Herb Stone: [on the phone with Yvonne, while Ted drinks] Yvonne, it's for a good friend of mine! Oh, come on. All girls have buddies. Hmm? Five foot eight. Works for NATO. Name's Renee. Yeah, dark and willowy. Capable of saying "yes" in five languages.
Ted Barclay: Too tall.
Herb Stone: No. No, it doesn't spark him. Can you come up with somebody a little less - a little less intellectual. Yeah! Paulette. Paulette hostess for Air France. Held prisoner by the Algerians for three months - after the armistice. Blonde. Five two.
Ted Barclay: Too short.
Herb Stone: No. That still doesn't do it. You wanna look - well, see, he's - he's very depressed. Can you come up with something special. Something - oh, now. Oh, yeah, yeah. yeah. Yeah! Palais Bourges. Palais Bourges front row. Monique. Excellent stand-out. Measurements? 42-24-31.
Ted Barclay: Too scrawny.
Herb Stone: Ted, my boy, you're not alone. You're just one of the many hapless victims of the new double-standard. Any American girl today has two completely different sets of morals. When she's - could you bring your eyes into focus? It'll give me the feeling I'm getting through. Back in the States, a girl, like Maggie, watches every step but she has her mind on just one thing, a wedding ring. Well, here in Paris, she has no chance of getting married so she lets her hair down. She does all the things she's always wanted to do. Plus, a few things that uh, she never thought of. Is that - clear?

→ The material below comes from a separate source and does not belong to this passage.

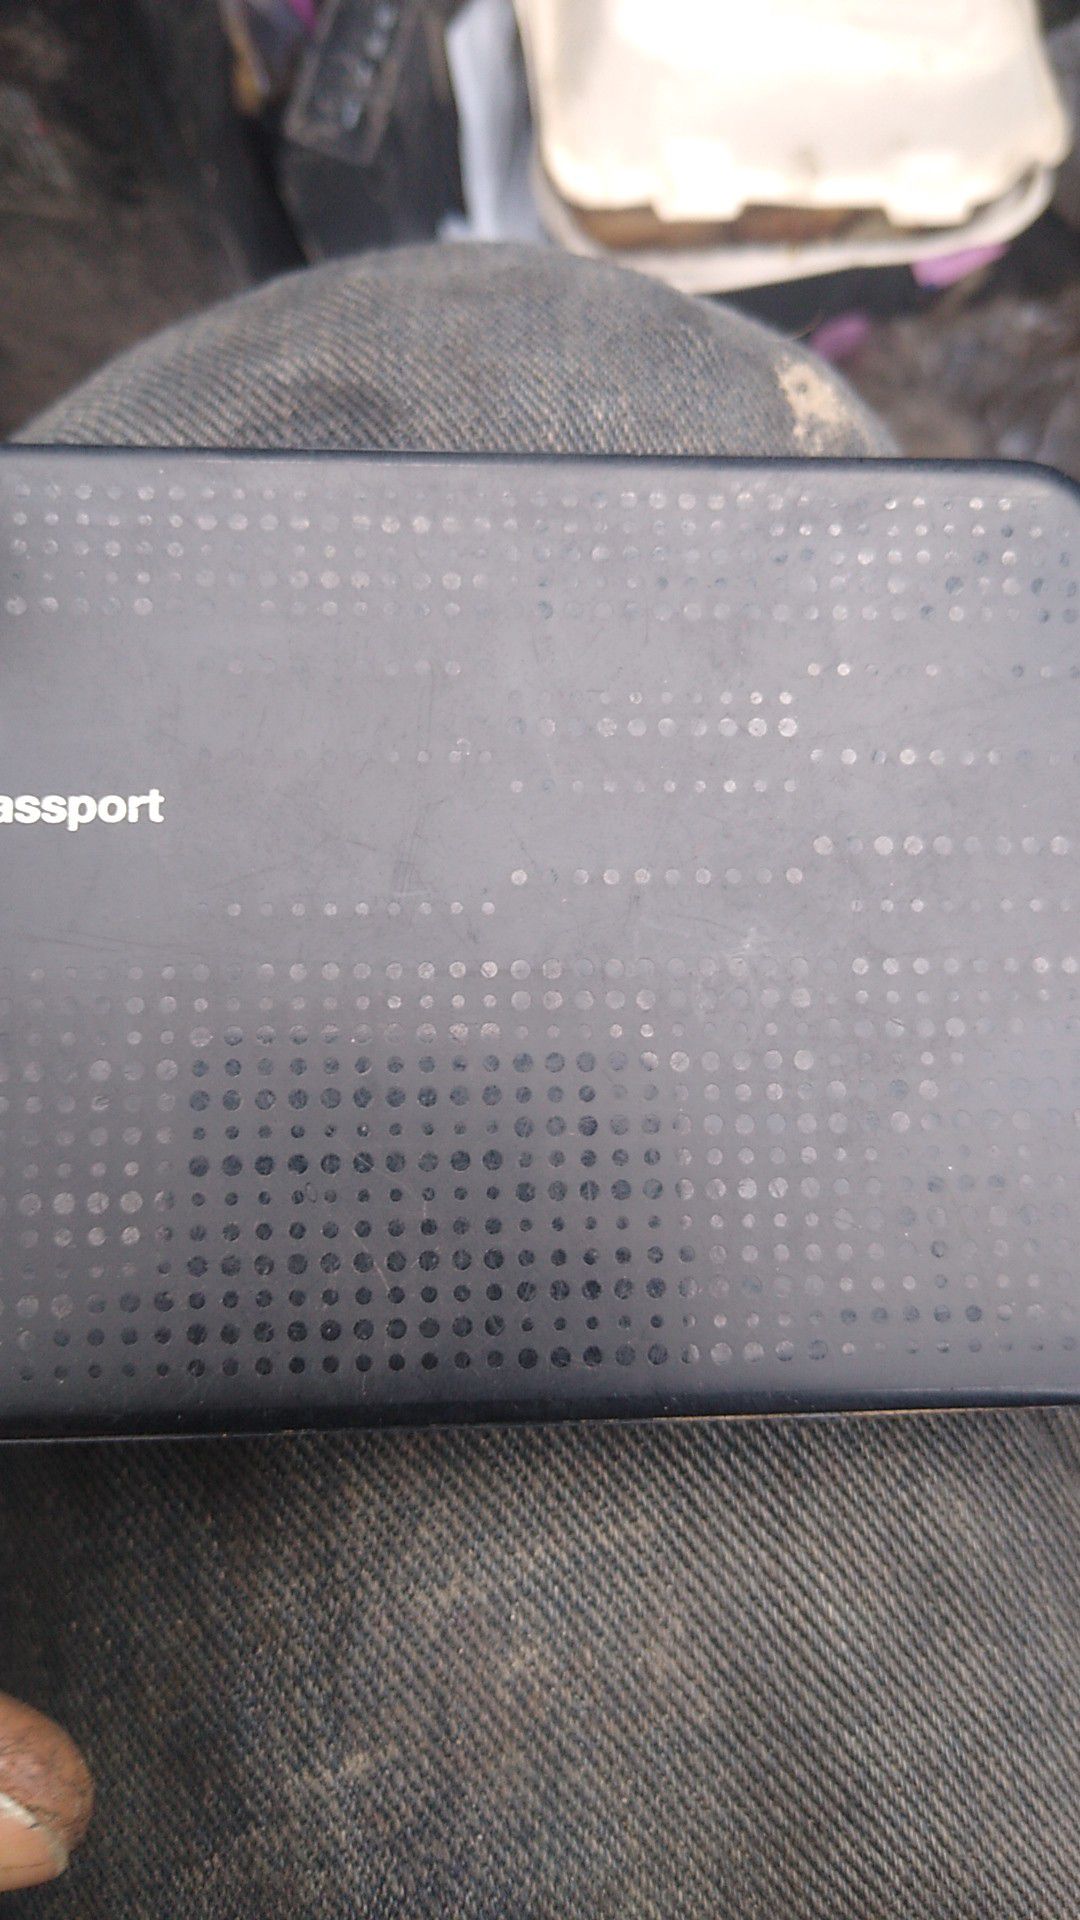 My Passport Ultra Portable Hard Drive 1Tb

Ted Barclay: Monsieur Fontaine does not realize that you're really a swinger with a talent for moonlighting.
Maggie Scott: I'm having such a wonderful time. You're very sweet.
Herb Stone: I haven't even turned it on yet.
Maggie Scott: Are you trying to seduce me?
Herb Stone: Whatever gave you that idea?
Maggie Scott: Because I don't want you to. I want to seduce you. The girl is wild. She's got to work it.
Herb Stone: I'm putty in your hands.
Maggie Scott: It's a perfect view of Paris. If the whiskey doesn't get you, the scenery will!
Maggie Scott: It's fun when you don't have to be a nice girl.
Irene Chase: I may not have always lead the most moral of lives; but, I always knew what bedroom I woke up in!
Herb Stone: He's one of the few friends I have that I like.
Marc Fontaine: Are you out to destroy all designers in Paris or is this something you reserved especially for me?